A later breakfast this morning interrupted by the sighting of three Spotted Hyaena down at the waterhole in the salt pan. I am talking to Richard and Toby outside the office when we hear more Hyaena close to the camp – as we head off to see where they are, they race towards us right up by the chalets, then down towards the pan where they have a right set to, leaving one with a bleeding ear.
Excitement over, we pack up and head back over the dunes for the final time to pick up our minibus and drive back to the gates and our second stay at the Kgalagadi lodge. Our current species count is 48 mammals, and our trip back, while encompassing Lions, Wildcat and Jackal alongside assorted prey species, does not yield any new ones. (Although we do have some nice Secretary Birds as a new bird species). Our last chance is tonight’s night drive, from the main gate, where Toby says we have a reasonably good chance of Genet and Brown Hyaena.

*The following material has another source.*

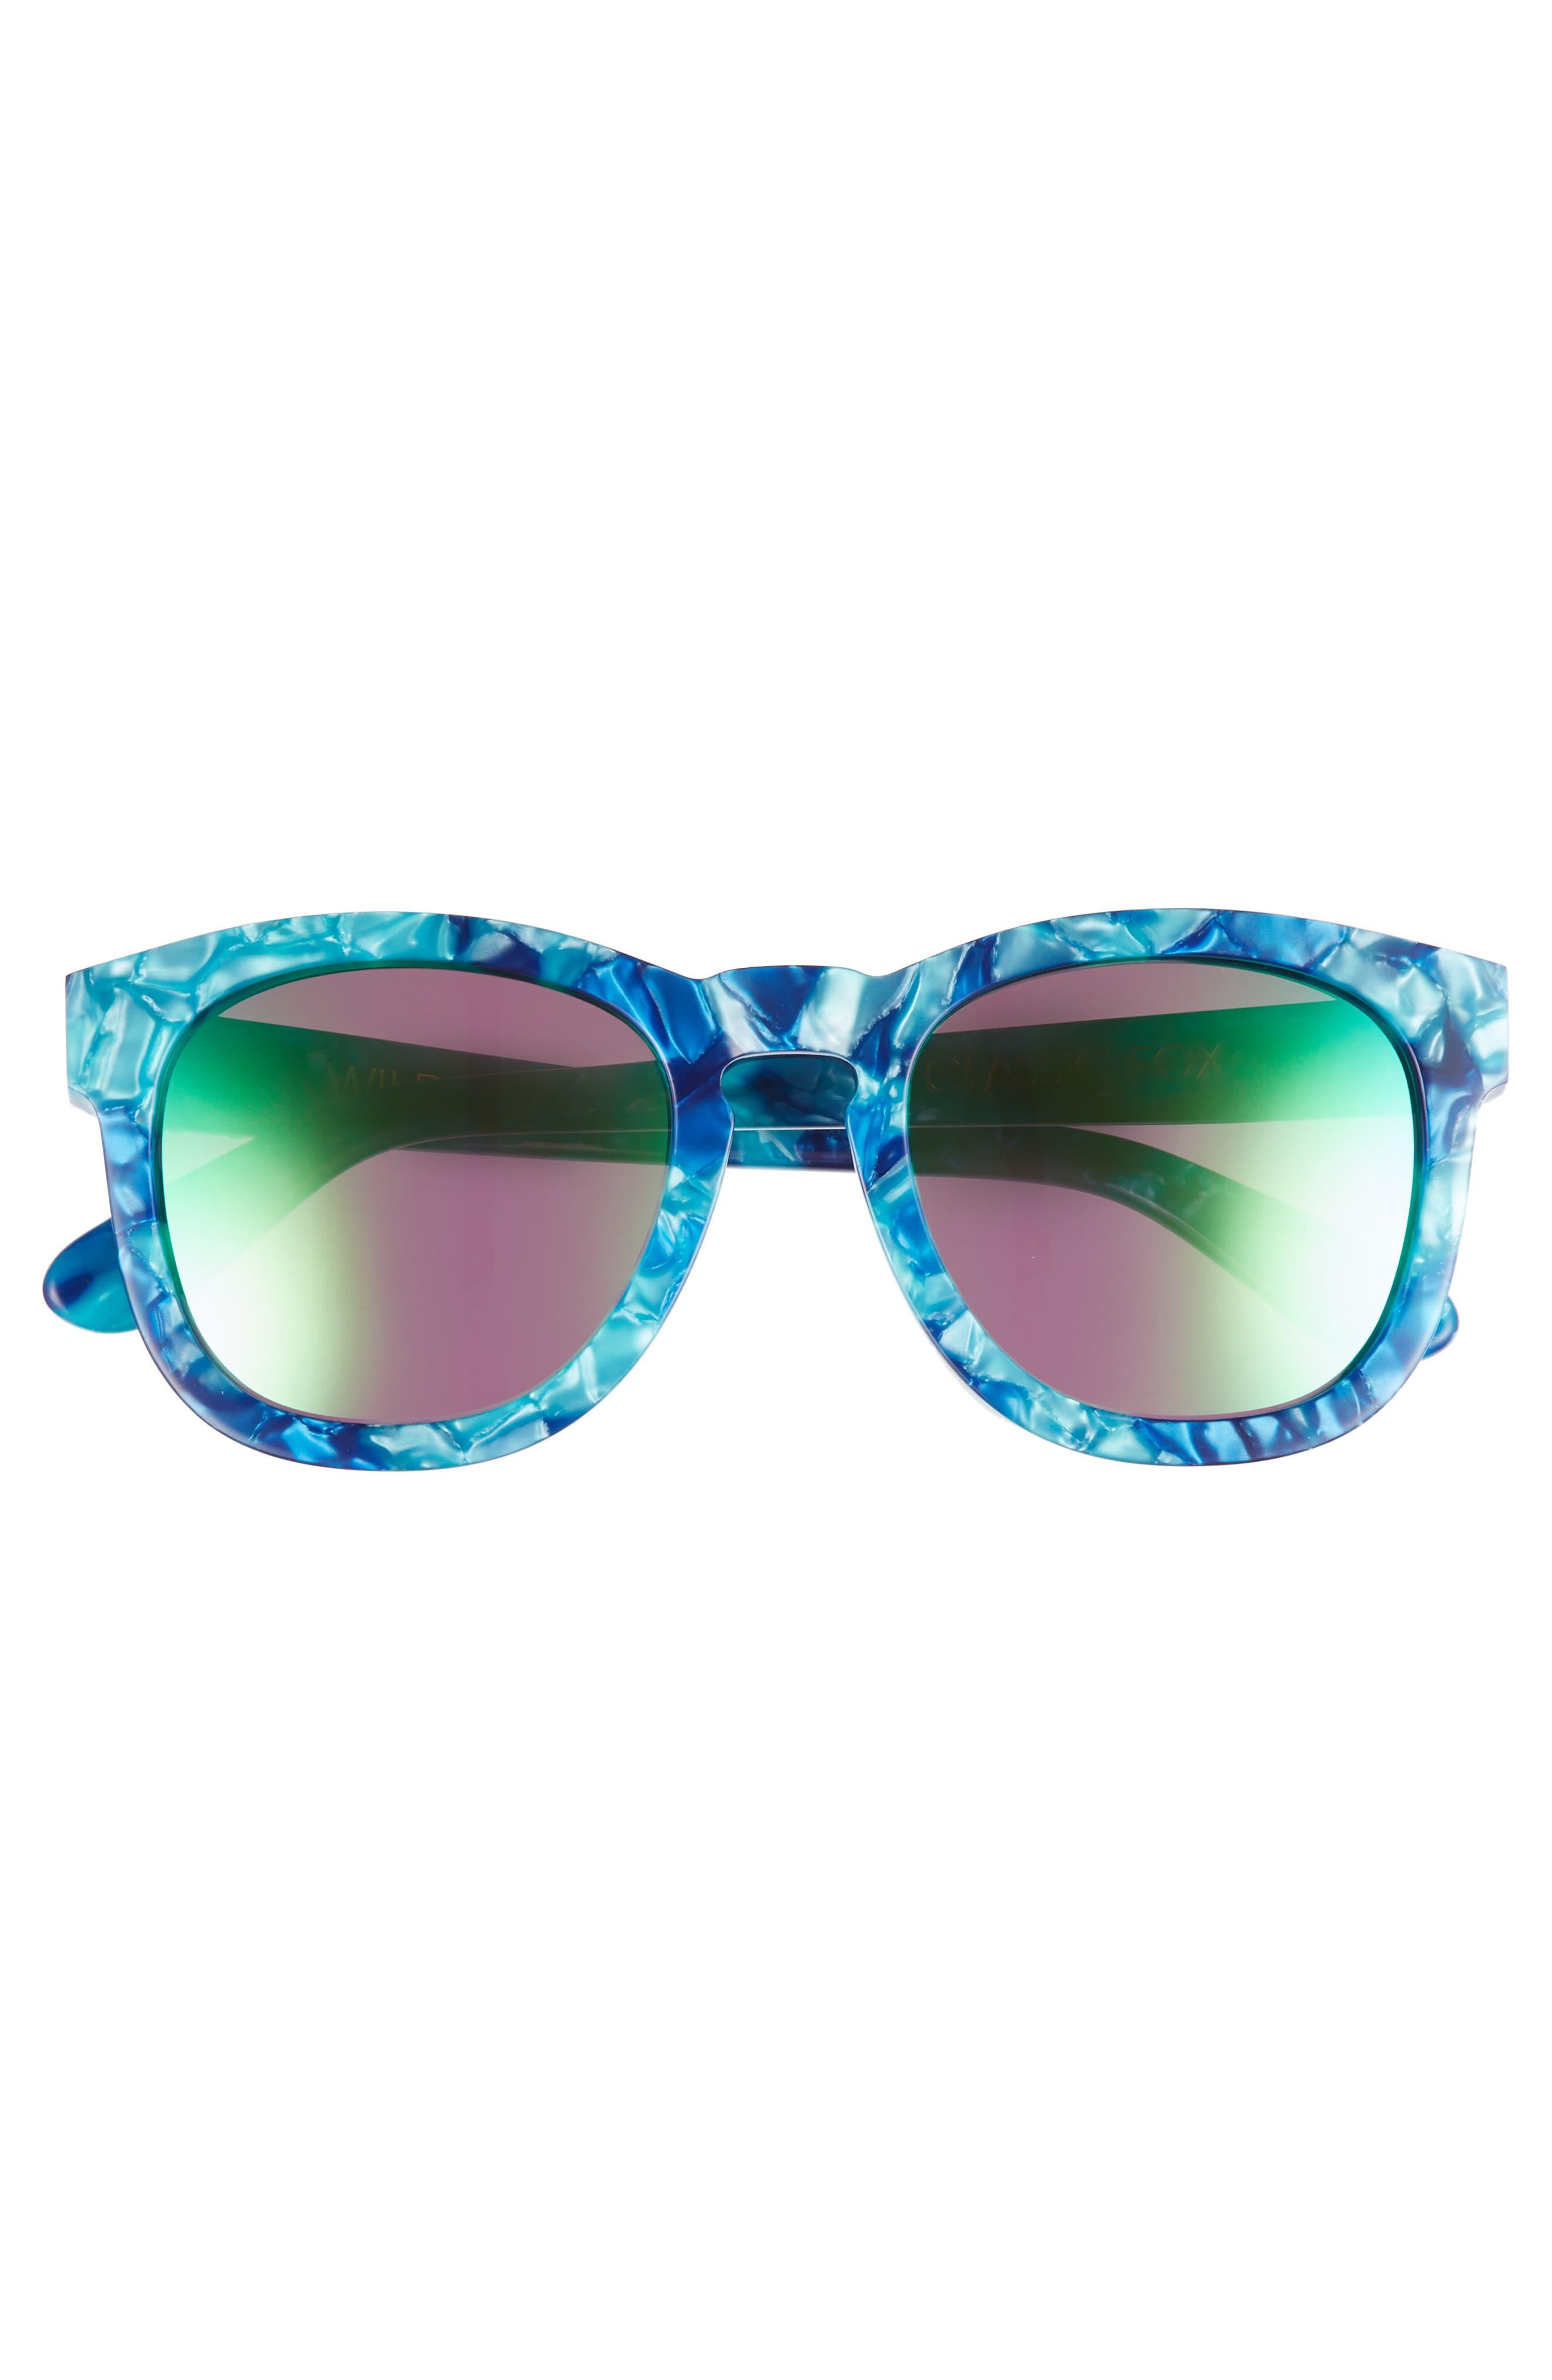 WILDFOX, Classic Fox - Deluxe 59mm Sunglasses, Alternate thumbnail 3, color, MONTEREY/ GREEN MIRROR

There are four other people (who are staying in the National Park) on the drive. As we set off we see the familiar Springhare, Cape Fox and Bat-Eared Fox. We also see three different owls – Barn Owl, White Faced Owl and Verreaux’s Eagle-Owl, but the Genets and Hyaenas are obviously hiding in a different part of the Kalahari. That is, until we are about 100 metres from the gate when we suddenly spot a Brown Hyaena in the bushes – the light reflecting off his eyes giving him away – as we watch he comes out into the open.